Microsoft has agreed to stop bundling its Teams remote collaboration software with its Office productivity suite, according to financial times. The company’s move is trying to avoid an official EU antitrust investigation while dealing with its biggest regulatory concerns in more than a decade.
FOOTSources say that companies will eventually be able to buy Office with or without Teams installed, “but the mechanism on how to do this is still unclear.” Talks with EU regulators are reportedly ongoing and “it is not certain to reach an agreement.” Microsoft told him FOOT, “We are aware of our responsibilities in the EU as a major technology company. We continue to collaborate with the commission in its investigation and are open to pragmatic solutions that address their concerns and serve clients well.”
Competing remote work platform Slack, now owned by Salesforce, complained to EU regulators in 2020, calling on officials to make Microsoft sell Teams separately from its ubiquitous Office suite.

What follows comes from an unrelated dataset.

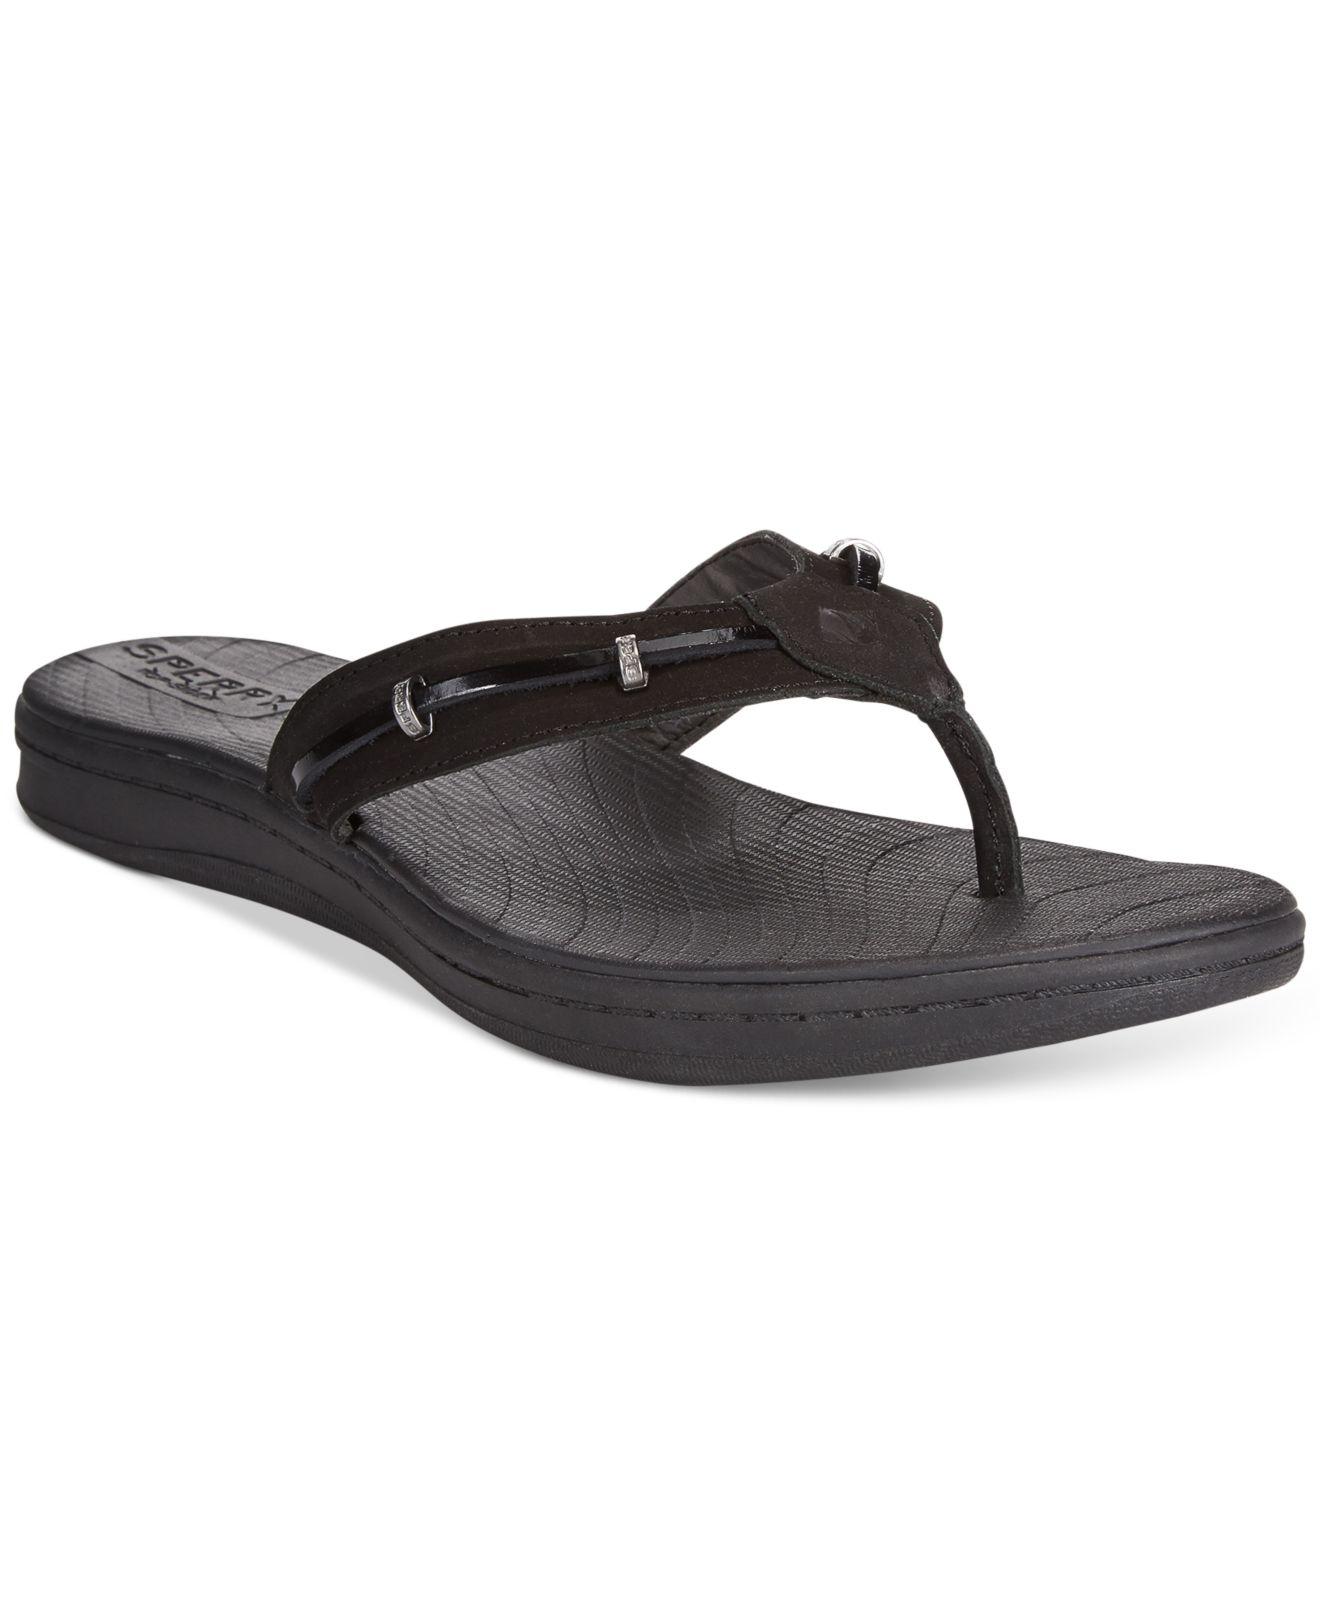 Seabrook Wave Flip-flop Sandals

Slack’s general counsel said at the time: “We ask the EU to be a neutral arbiter, look at the facts and enforce the law.”
Microsoft is facing its first regulatory problems in a decade. The company reached a settlement with the European Commission in 2009, agreeing to offer European customers a choice of web browsers; it was then fined €561 million in 2013 for failing to consistently deliver on that. Of course, its most famous antitrust shakeup came around the turn of the millennium when it was initially forced to split into two companies, a ruling later overturned by an appeals court. Microsoft and the DOJ reached an agreement in 2001, agreeing to restrictions such as sharing APIs with outside developers and allowing PC makers to install non-Microsoft software on their products.
In recent months, the company has been fighting to receive regulatory approval for its planned $69 billion purchase of game publisher Activision Blizzard. The company is reportedly expected to get a green light from the EU and the UK, and has until July to appease the US Federal Trade Commission. Microsoft offered 10-year legal agreements to provide Call of Duty in Nintendo consoles and the Boosteroid cloud streaming platform to help alleviate those concerns. Sony reportedly turned down a similar offer.